Answer
As $\theta$ increases from $40^{\circ}$ to $42^{\circ}$, the distance increases slightly. As $\theta$ increases from $42^{\circ}$ to $45^{\circ}$, the distance decreases slightly. It seems that $42^{\circ}$ is close to the optimal angle.
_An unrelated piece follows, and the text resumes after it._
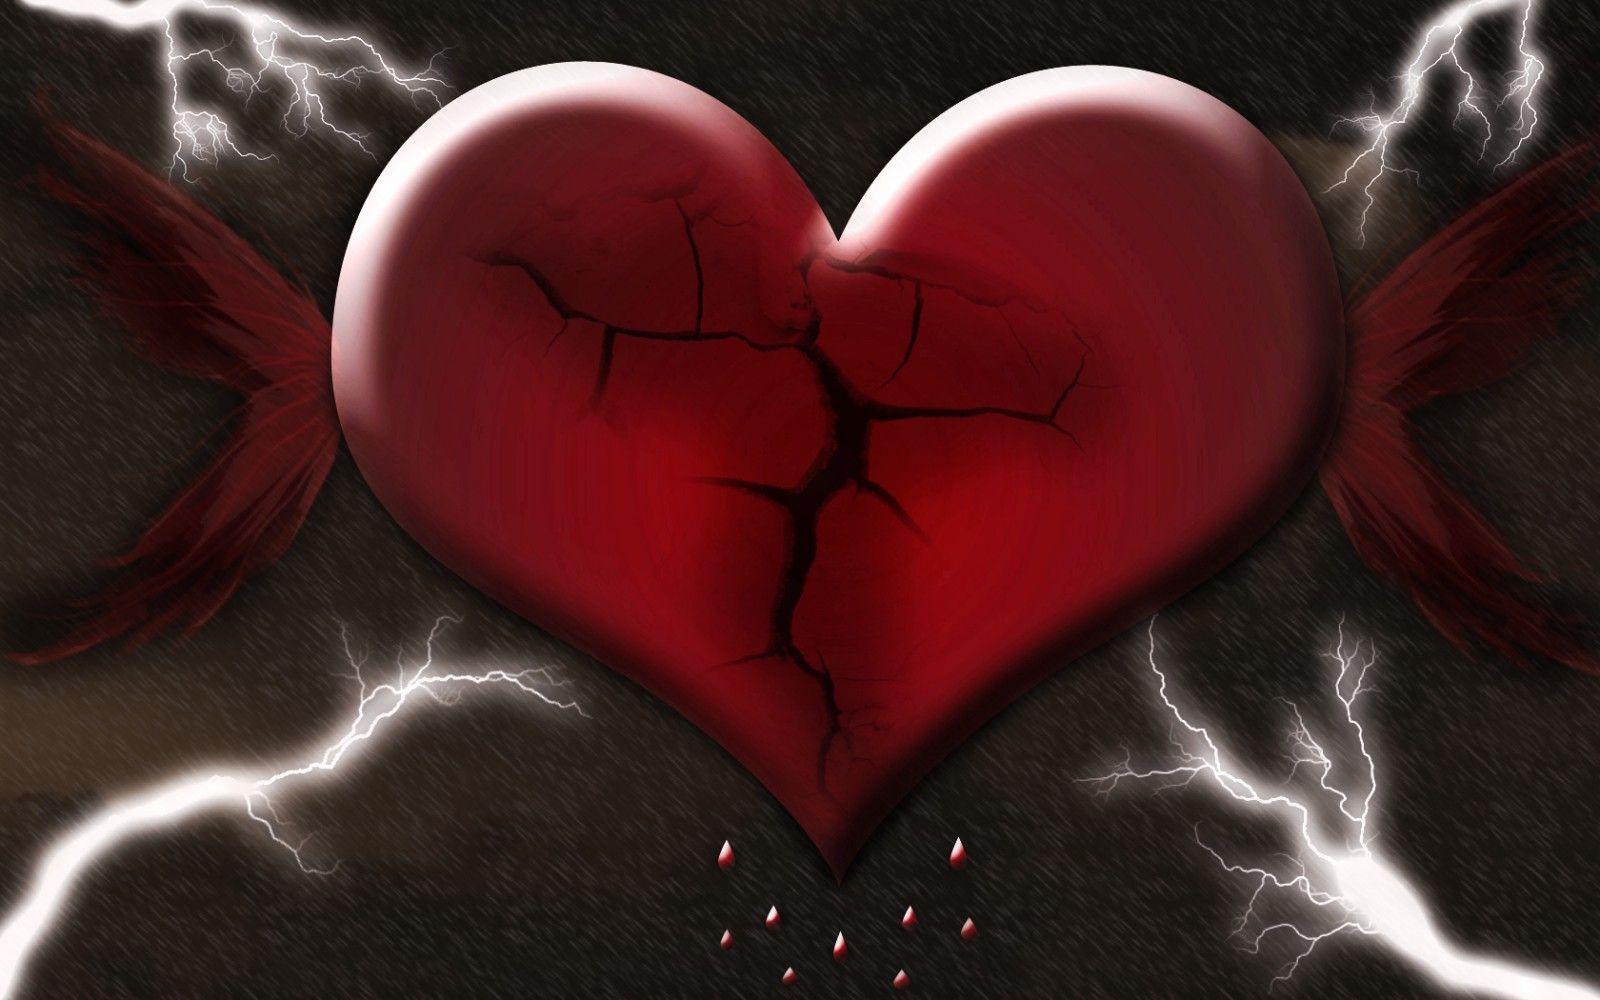 Broken Heart Hd Wallpaper Free Download 4359

A change in the angle seems to have a small effect on the distance.
Work Step by Step
$D = \frac{v^2~sin~\theta~cos~\theta+v~cos~\theta~\sqrt{(v~sin~\theta)^2+64~h}}{32}$
We can find $D$ when $\theta = 40^{\circ}$:
$D = \frac{(44~ft/s)^2~sin~40^{\circ}~cos~40^{\circ}+44~ft/s~cos~40^{\circ}~\sqrt{(44~ft/s~sin~40^{\circ})^2+(64)(7~ft)}}{32}$
$D = 67.0~ft$
We can find $D$ when $\theta = 42^{\circ}$:
$D = \frac{(44~ft/s)^2~sin~42^{\circ}~cos~42^{\circ}+44~ft/s~cos~42^{\circ}~\sqrt{(44~ft/s~sin~42^{\circ})^2+(64)(7~ft)}}{32}$
$D = 67.1~ft$
We can find $D$ when $\theta = 45^{\circ}$:
$D = \frac{(44~ft/s)^2~sin~45^{\circ}~cos~45^{\circ}+44~ft/s~cos~45^{\circ}~\sqrt{(44~ft/s~sin~45^{\circ})^2+(64)(7~ft)}}{32}$
$D = 66.8~ft$
As $\theta$ increases from $40^{\circ}$ to $42^{\circ}$, the distance increases slightly. As $\theta$ increases from $42^{\circ}$ to $45^{\circ}$, the distance decreases slightly. It seems that $42^{\circ}$ is close to the optimal angle. A change in the angle seems to have a small effect on the distance.